И в школе №404 я встретился с фатумом моей жизни, Володей Вовнобоем. "Вовнобой" по-украински – всего-навсего "шерстобит", но понятно, какое прозвище он получил. Это был пухлый подросток большого роста, склонный к доносительству. За это его нередко били и всячески над ним издевались. Дети вообще жестоки, и, к несчастью, мы с Пашей бывали в первых рядах, когда "Говнобоя" надо было научить уму. После этого в школу приходил его отец и требовал наказать обидчиков, так как их поступки – проявление антисемитизма. Возможно, антисемитами были учителя, не исключаю: они никак не реагировали на заявления Вовнобоя-старшего, а могли бы. Но обвинения Паши и меня в антисемитизме были беспочвенными: Вовнобою-младшему доставалось отнюдь не по национальной причине.
Вовнобой, как и я, занимался рисованием.

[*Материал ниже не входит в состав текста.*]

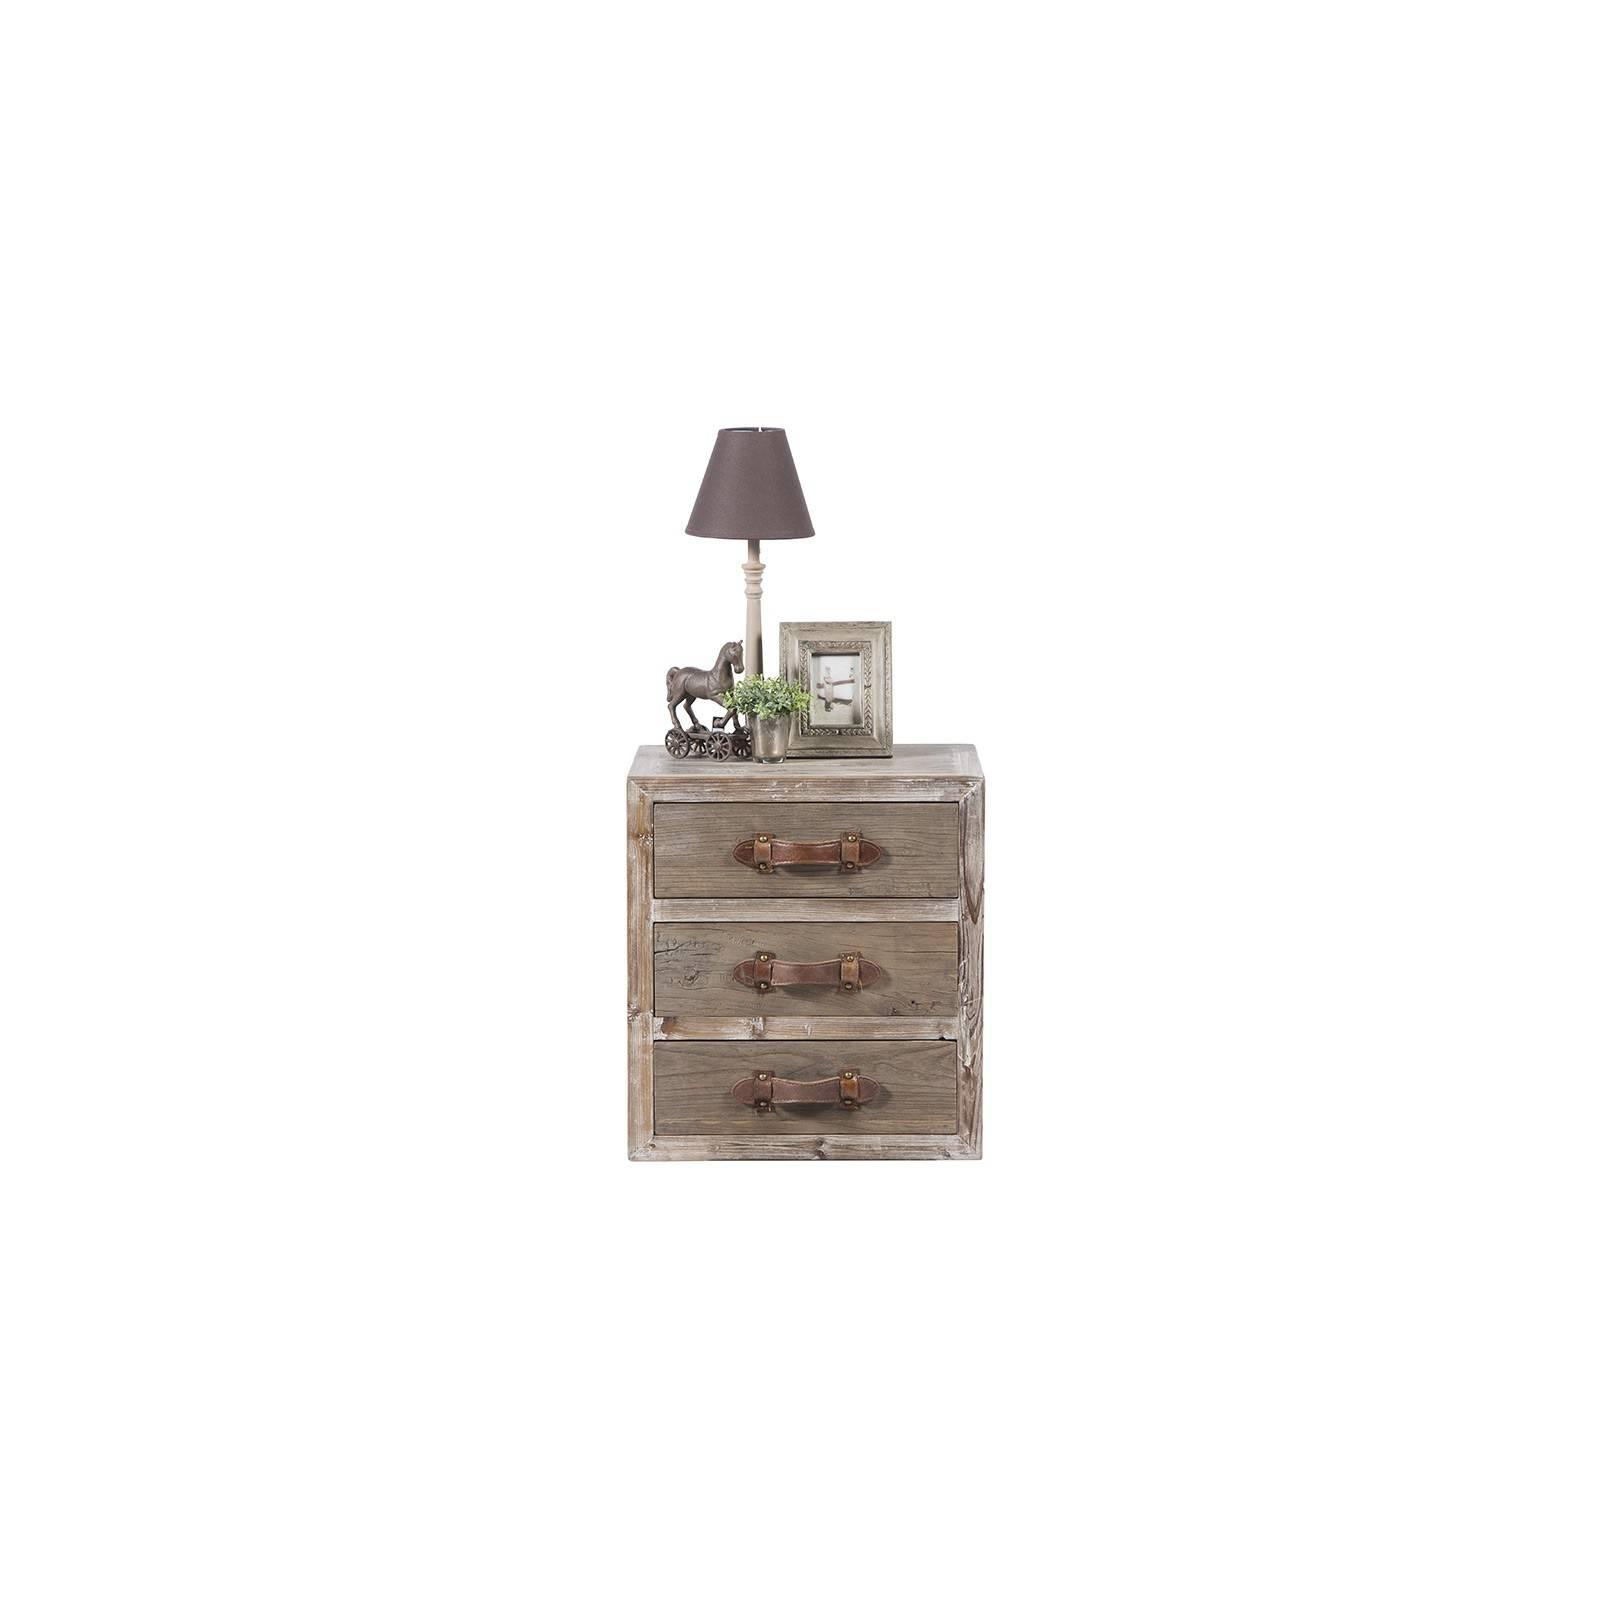 chevet collection flamand orme massif style campagne et industriel. Black Bedroom Furniture Sets. Home Design Ideas

Через год мы с ним оказались в одном классе в МСХШ, потом – в одной группе в Полиграфическом институте, потом без конца напарывались друг на друга по другим причинам.
Года полтора назад он в очередной раз настучал на меня – и поделом мне. Потому что я от безденежья и от беспамятства попытался пристроиться корреспондентом в журнал "Итоги" (нынешний, ненастоящий), а года за два до того напечатал в газете "iНОСТРАНЕЦ" интервью с Сергеем Пархоменко по поводу разгона настоящих "Итогов". Володя Вовнобой, работающий художником в "Итогах", не преминул сообщить об этом начальству, за что я ему благодарен.

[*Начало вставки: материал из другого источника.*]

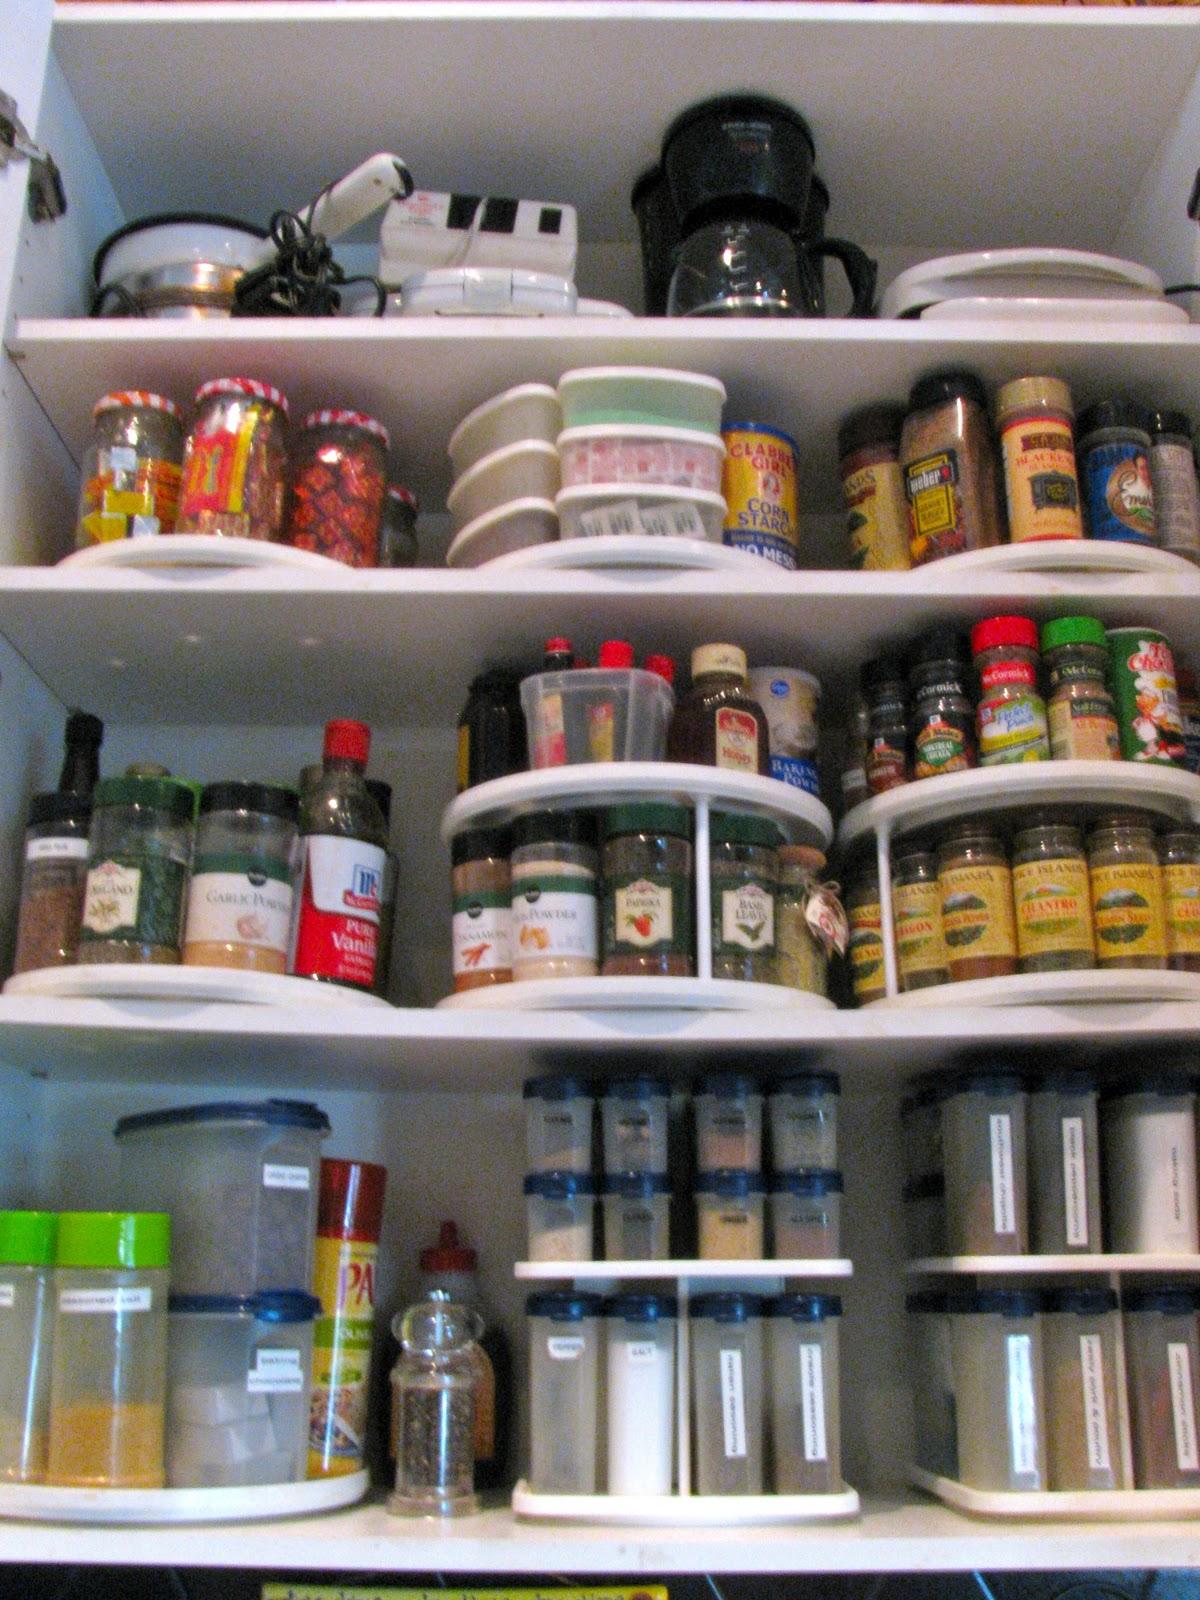 Shelf Kitchen Cabinet May Days Organizing The Pantry

А разветвившиеся родители тем временем начали всерьез думать, что со мной делать. Не то направить по филологической линии, благо, от книжек меня было трудно оторвать, да и какие-то способности к языкам я проявлял. Может, и лучше бы было? Возможно, стал бы доктором наук, занимался бы чем-то серьезным. Не то – пускай рисует? Рисовать мне и вправду нравилось больше, чем учить английский, хотя говорил я на нем уже довольно свободно, но кое-как. Важную роль сыграло мнение дяди Славы, посмотревшего мои рисунки и заявившего, что у меня большие способности и что из меня выйдет художник.
Я пошел заниматься в изостудию при Доме пионеров, находившемся рядом с Музеем Бахрушина. Что я там делал – помню с трудом. Кажется, рисовал карандашом натюрморты и гипсовые орнаменты, а акварелью – тоже натюрморты и пейзажики. В 64, как-то умудрившись сдать вступительные экзамены, поступил после 4-го класса обычной школы во 2-й класс Московской средней художественной школы при Суриковском институте, первоначально называвшейся Школой для художественно одаренных детей.
Она была создана с благословения Сталиным, вместе с Центральной музыкальной школой при Консерватории и Суворовскими/Нахимовскими училищами, на манер дореволюционных лицеев и Пажеского корпуса в целях инкубирования гвоздиков-болтиков, необходимых для поддерживания свода мироздания.
Летом, накануне поступления в МСХШ папа снова попытался меня приучить к коллективному образу жизни и отправил в пионерлагерь, почему-то находившийся в ведении Киностудии Горького. Я там пробыл два дня, а потом сбежал с двумя парнями – сыном режиссера Марлена Хуциева и другим, по фамилии Шерстень (он рассказывал, что вообще-то он швед, и по-настоящему его фамилия – Шхерстен, что вполне правдоподобно). Мы убежали в лес, провели там ночь, потом нас поймали и вызвали родителей – разбираться. Отец ехать отказался, приехал мой отчим Валентин Иванович – вместе с Хуциевым и старшим Шерстенем – и нас забрали, к моему счастью из, лагеря.
В 64 произошло еще одно важнейшее для меня событие: в феврале, чуть-чуть не став Касьяном, родился мой сводный брат Санька.
Сейчас у него трое детей, приходится служить в какой-то фондово-инвестиционной компании, перед тем оказавшись рок-н-ролльным барабанщиком не из последних.
Так что высеку Яузу гибкой удочкой 333 раза. Этого вполне достаточно. И наряжусь в красные штаны и красную поло – будто я палач, а главное – на фоне московской июньской зелени выглядеть буду как мак-coquelecot. Как на картине Сислея.
Это – вовсе не синодик и не некролог, мне просто хочется вспомнить тех, кто умер. Я бы мог про них рассказывать очень долго; сделать это несколькими фразами трудно, вряд ли что-то получится. Но все же.